Don't worry about fixed bridge tonal differences. The Hannes will sound fine as would a Hipshot or ABM. If there is a huge price difference between them I would be just fine with a simpler bridge too. That said, I would avoid a TOM simply because it's a ....ty, really old design that just happens to be cheap to manufacture and is used by some popular guitar designs so it has perpetuated to this day. TOM offers no benefits over more modern designs.

Now that I've read your specs there are probably a few that Kiesel for example would not do or would only do for a significant upcharge. If you like their base models then it's at least worth sending them an email and ask as overall it could end up being cheapest but it also means you would have to come up with the rest of the money sooner since they have undoubtedly the shortest build times. 

If you are going for a 7-string, I would instead skimp on some of the more expensive choices like a roasted maple neck and pale moon ebony fretboard and spend that money towards having a multiscale guitar made. Of course that takes your bridge concerns out too since most just use Hipshot/ABM single saddles or Hipshot angled bridges.

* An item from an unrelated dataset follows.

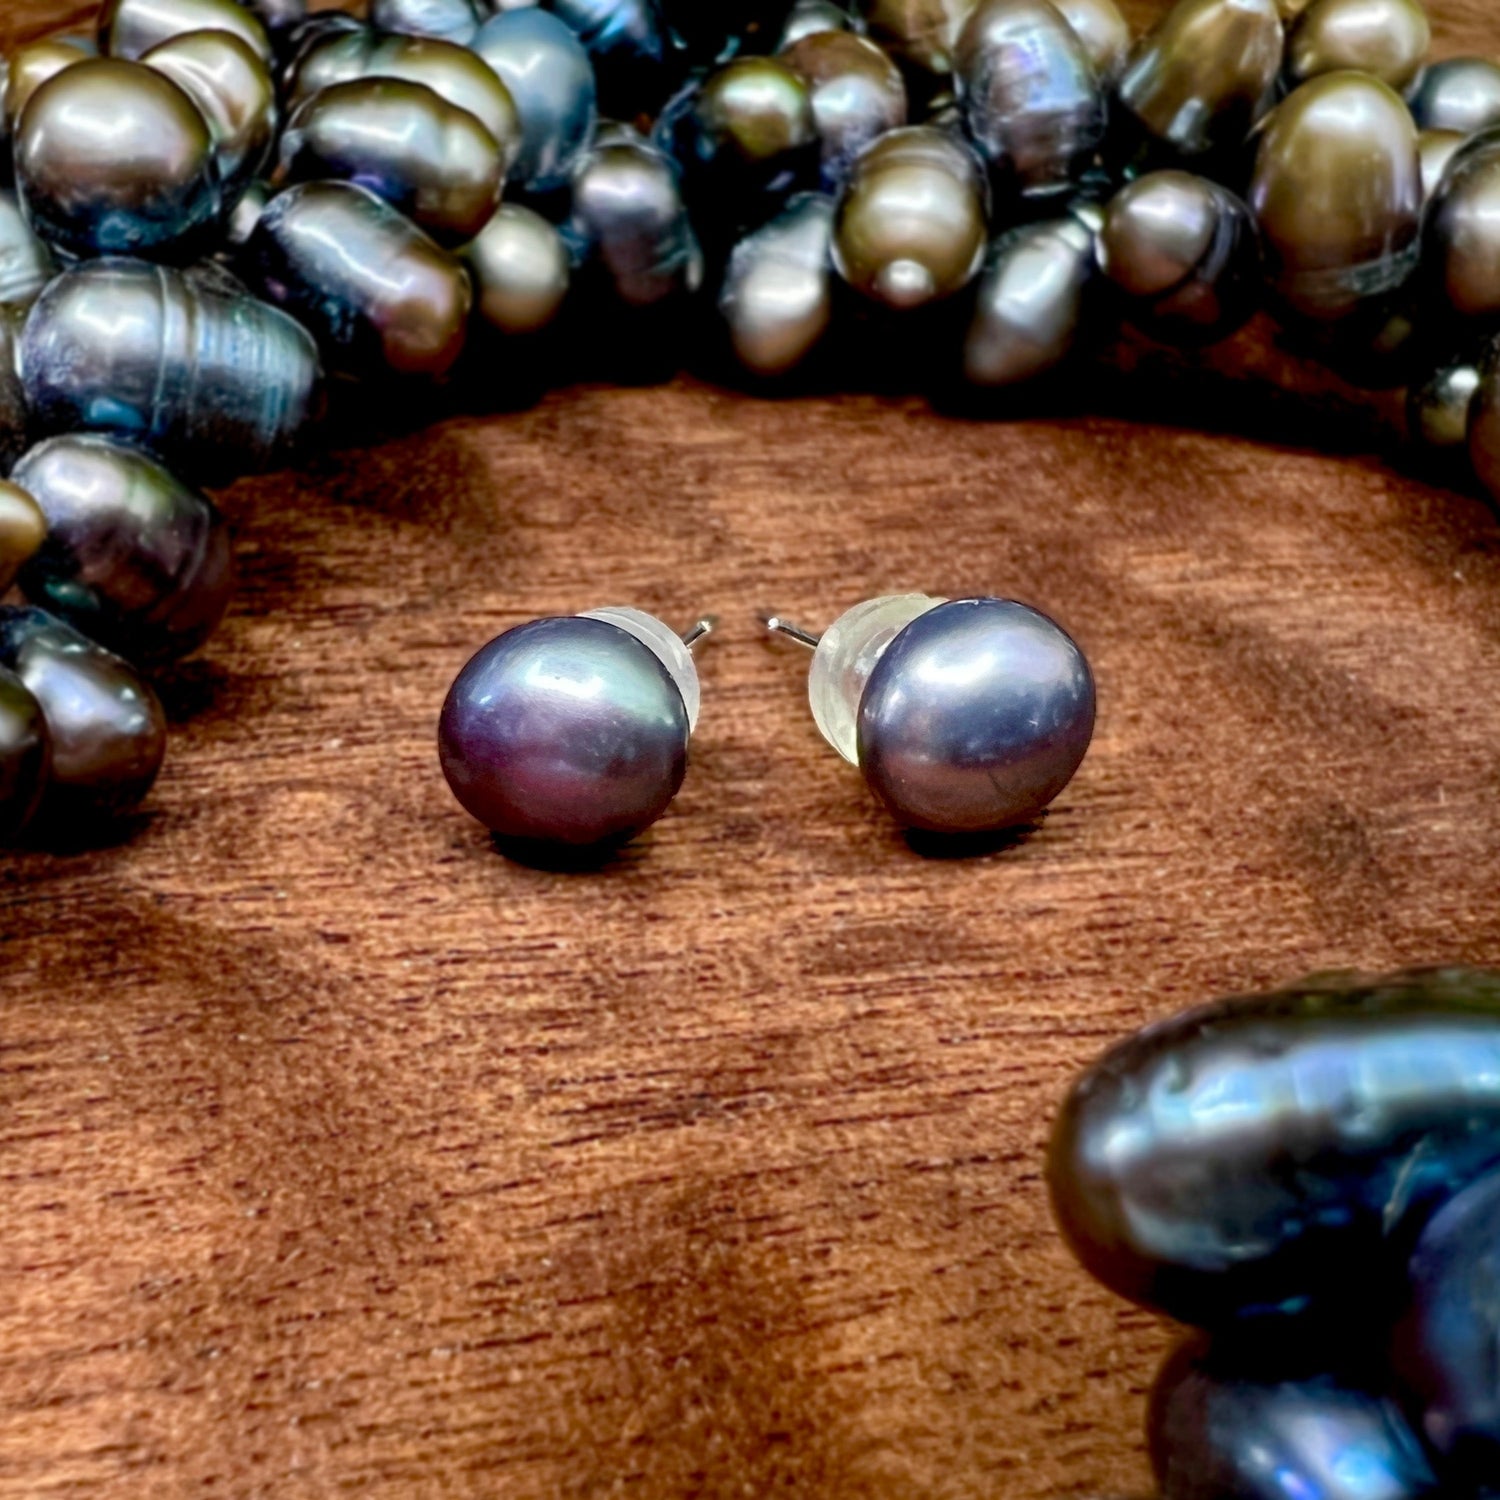 Matching Pearls for a Pearl Necklac

Scalloped fretboard could be done by any competent luthier afterwards too so if a specific company doesn't want to do it, you could just have it done later. That said, I feel that your build right now has a bit of "throw every cool feature on a single guitar" thing going on. It's understandable if this is your first custom or what you consider your dream guitar.


----------



## pylyo (Nov 29, 2016)

laxu said:


> That said, I would avoid a TOM simply because it's a ....ty, really old design that just happens to be cheap to manufacture and is used by some popular guitar designs so it has perpetuated to this day. TOM offers no benefits over more modern designs.

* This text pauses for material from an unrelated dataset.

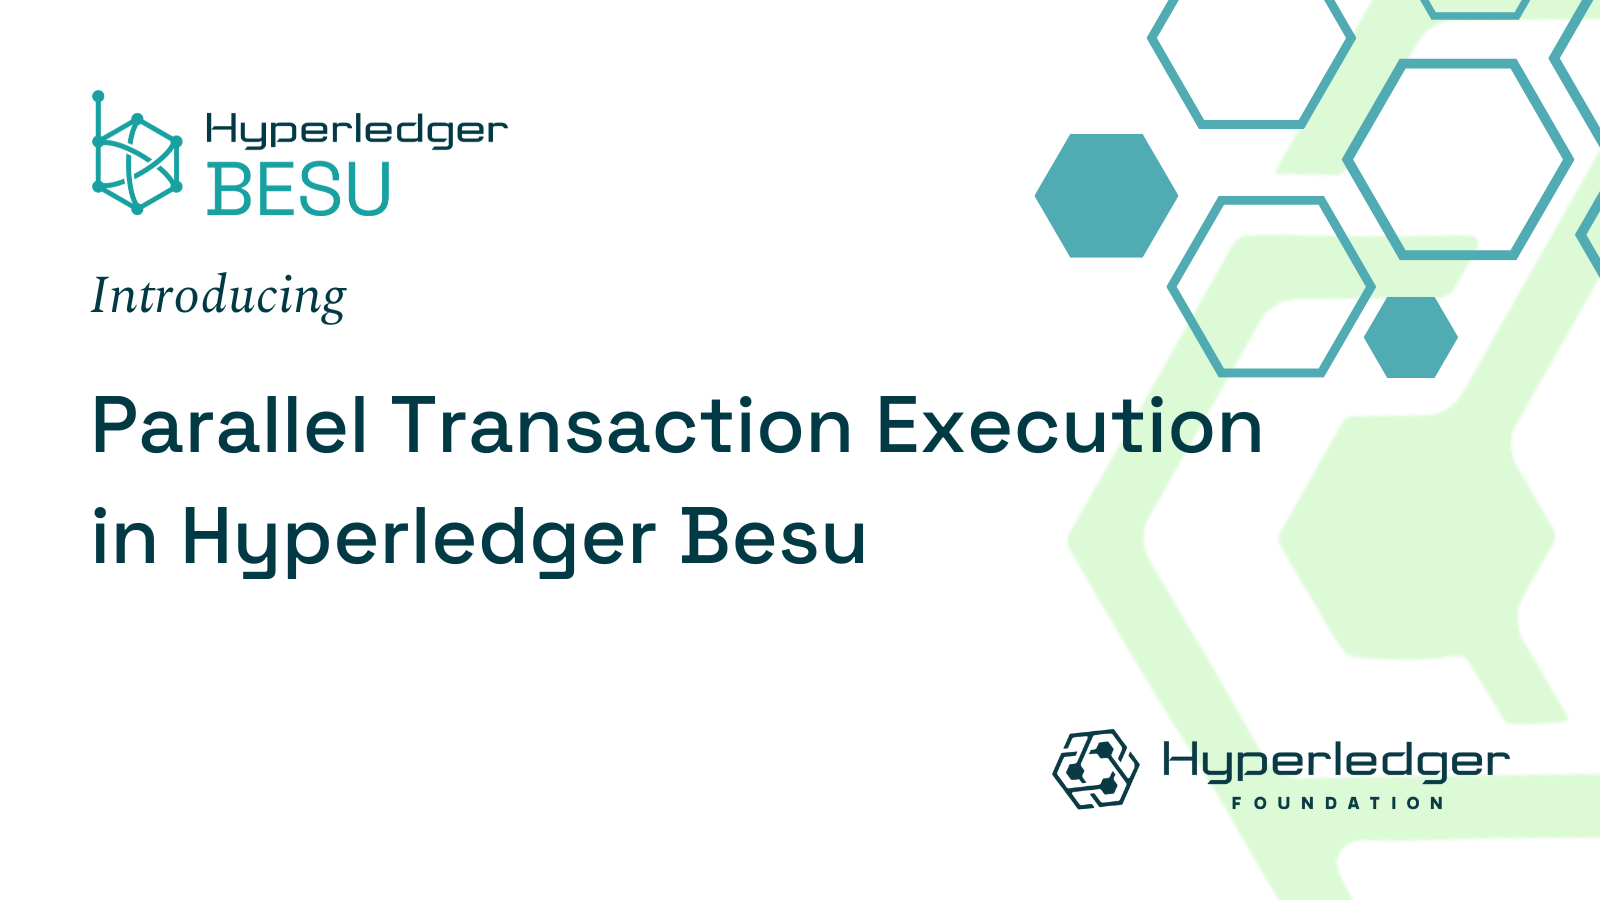 Introducing Parallel Transaction Execution in Hyperledger Besu

Again, what a pile of bollocks hahaha. 
That said, and I don't wanna be rude, but it would be the best if you could stop giving a ....ty advices, as you obviously got no clue what are you talking about, mate. And you are just proving it with pretty much every post you make.
Go and make some exp first, play some good guitars, before you start writing BS and confusing people.

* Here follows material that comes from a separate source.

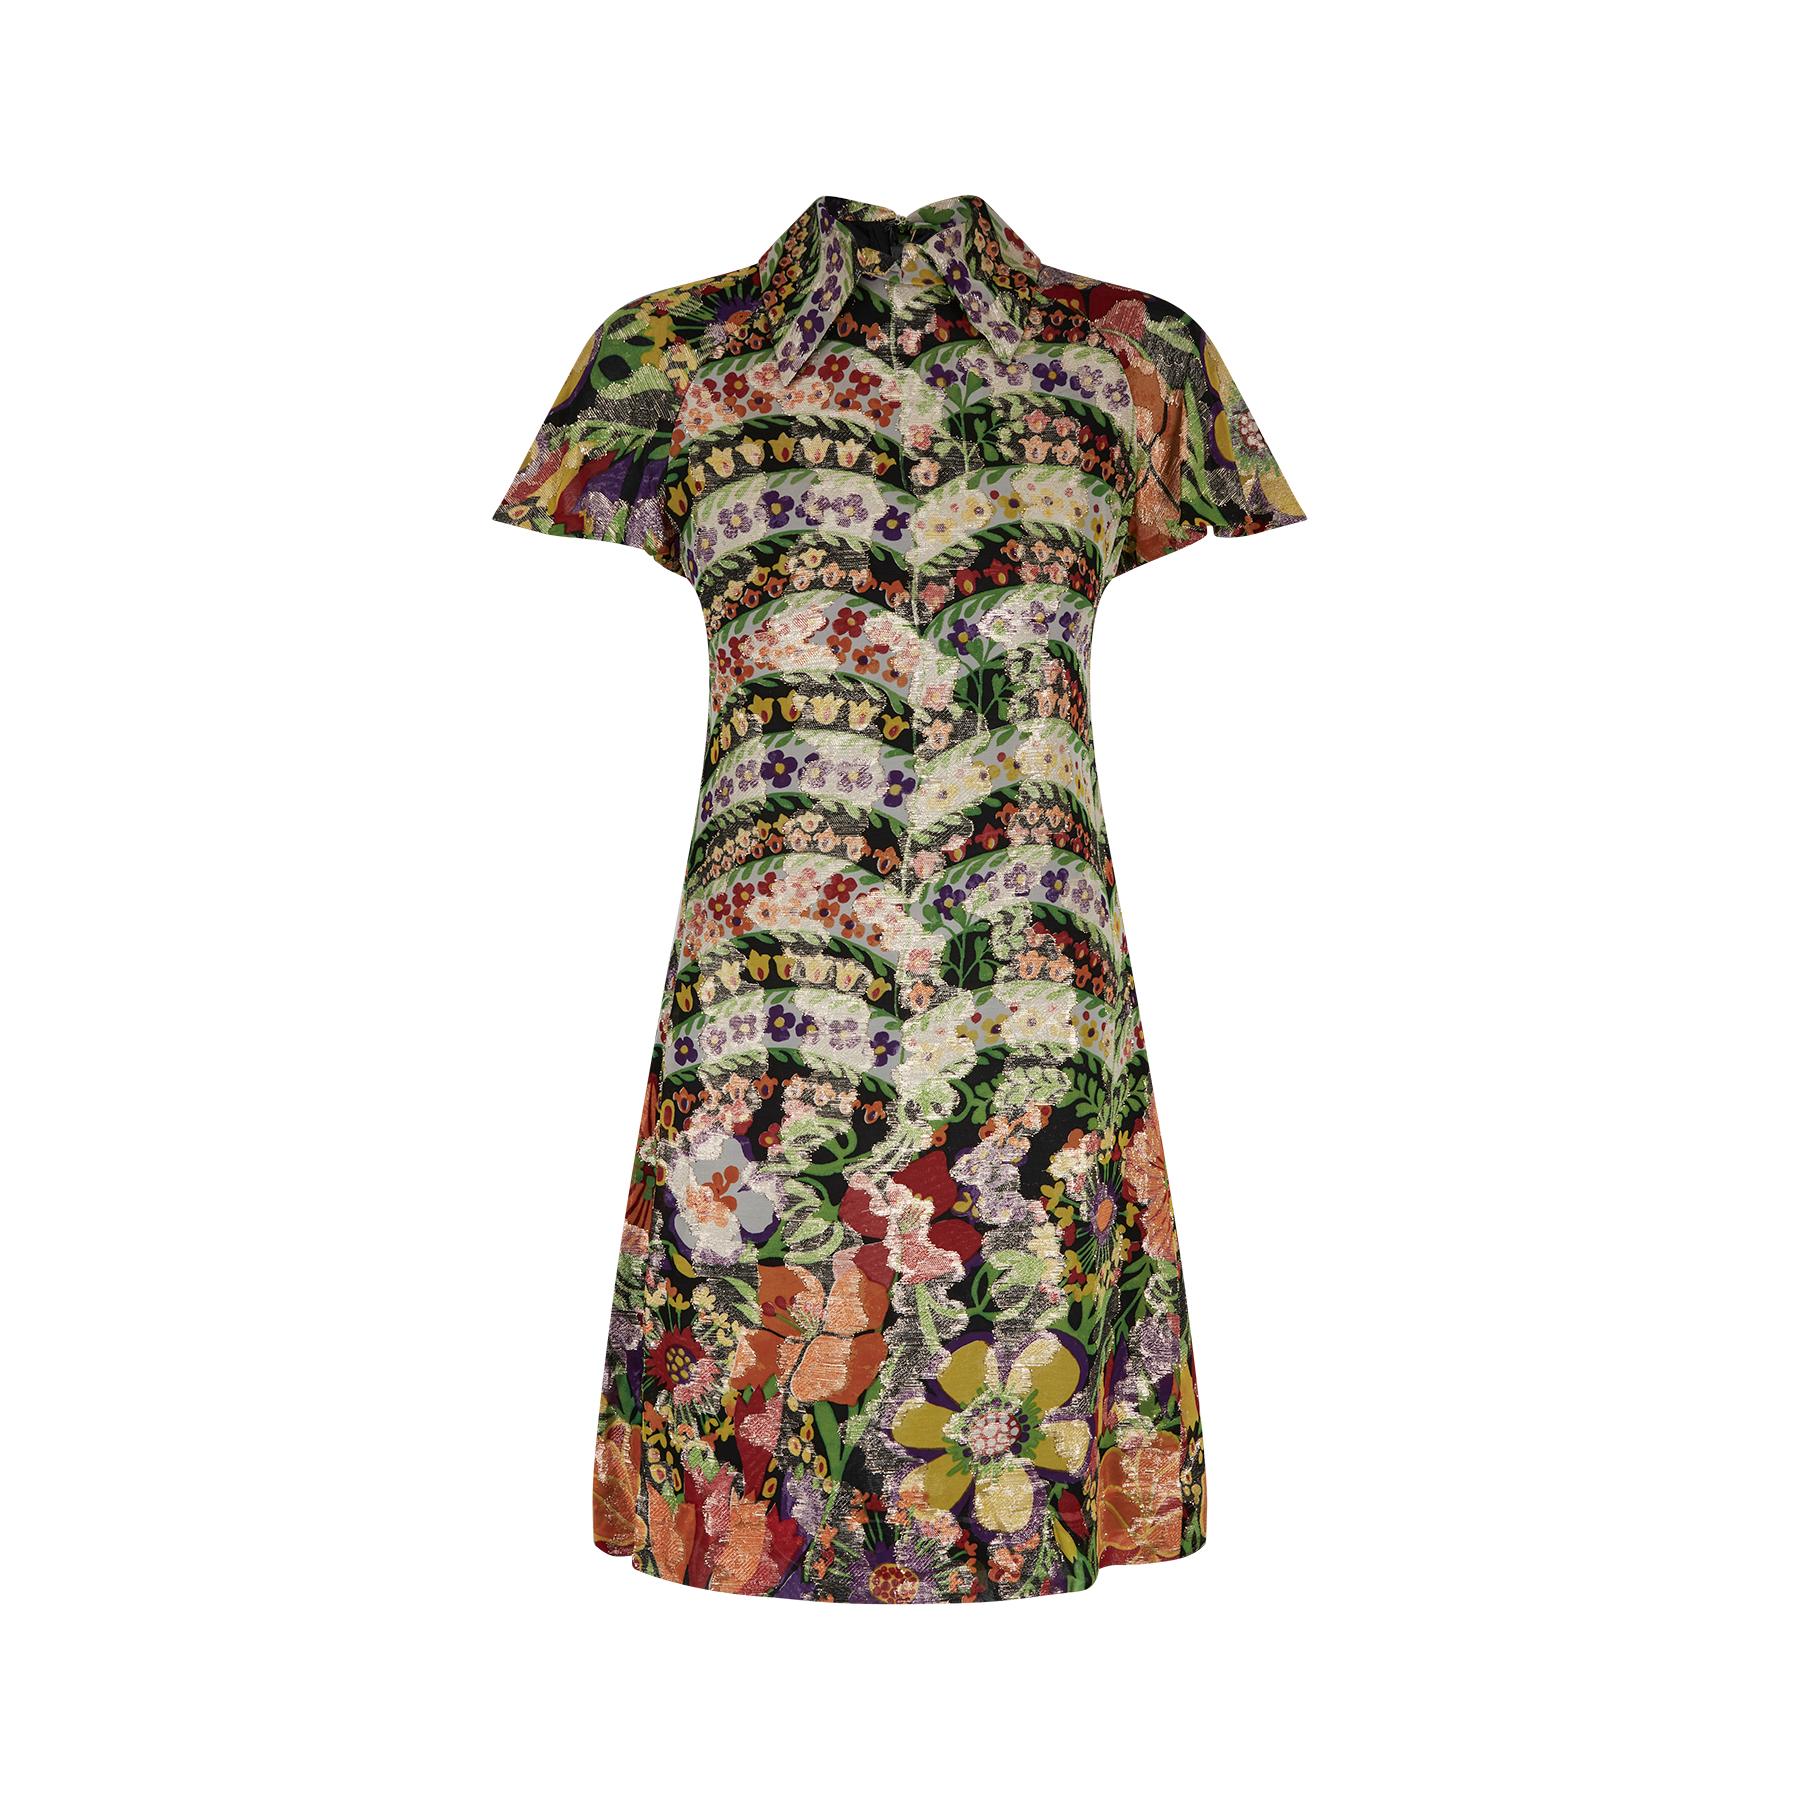 Late 1960s or early 1970s couture made floral lame dress. The print is exceptional and by American designer Rodriguez - its very similar to the work Oscar de la Renta was doing around this time. His clothing line was sold in high end department

To OP: As for the bridges. Keep on your mind that with HS you will have the highest action out of all three options, unless you shim the neck, which is impossible with Regius. It's quite thick bridge and it feels really high on picking position too, almost like a TOM. 
I had over 20 Regiuses (with all 3 bridges you are mentioning) and dozens of other Mayo models and my favorite bridge is their ABM option, just because of its sheer comfort, control (there are no any edges or anything) and crazy low action you can get with it. It looks the cleanest too.
If you have any options of trying before buying, that would be great. But you can't go wrong with any of the three really.


----------



## laxu (Nov 29, 2016)

pylyo said:


> Again, what a pile of bollocks hahaha.
> That said, and I don't wanna be rude, but it would be the best if you could stop giving a ....ty advices, as you obviously got no clue what are you talking about, mate. And you are just proving it with pretty much every post you make.
> Go and make some exp first, play some good guitars, before you start writing BS and confusing people.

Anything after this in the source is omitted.